Here is a cropped version of the 1873 topographic map. https://digitalcollections.nypl.org/items/734f7d13-ed0c-9630-e040-e00a1806276f
In 1908, property east of Broadway and south of Van Cortlandt Park South was leased by the West Side Tennis Club and a new clubhouse and tennis courts were constructed there. In conjunction with a report I wrote last spring about the now shuttered Catholic school and church property at that same location, I found some wonderful images of the West Side Tennis Club’s property, beginning in 1908, at the New-York Historical Society and the Museum of the City of New York. I’ll post a few of them here. The West Side Tennis Club moved to Forest Hills, Queens, in 1913 and is still active today. They have a nice image of the old clubhouse on their website as well.

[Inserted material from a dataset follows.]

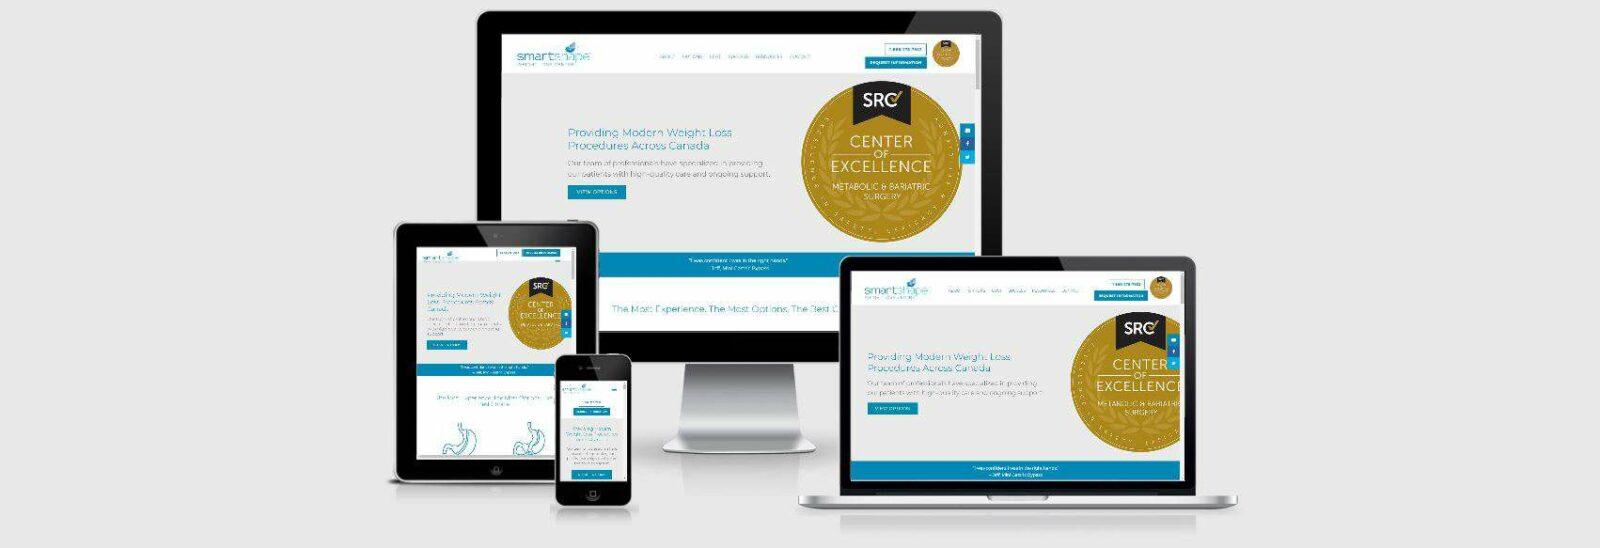 smartshape website

Here is the 1908 photograph of the tennis facility being built, from the New-York Historical Society. The view is looking southeast from Broadway. Although the citation suggests 1920, this is erroneous. Tennis club at Broadway and 240th Street, Bronx, undated (ca. 1920). | New York Historical Society | Digital Collections (nyhistory.org)
And here are a couple more photos, from the Museum of the City of New York. The first is the same view as above, but a few years later. The second view is looking north with Broadway on the left. Both of these are from ca. 1910.
Based on these images and their dates, it seems more likely that the image from 240th Street is not looking east, but probably is looking west, as Nick first suggested. Thanks for the chance to revisit this very interesting area!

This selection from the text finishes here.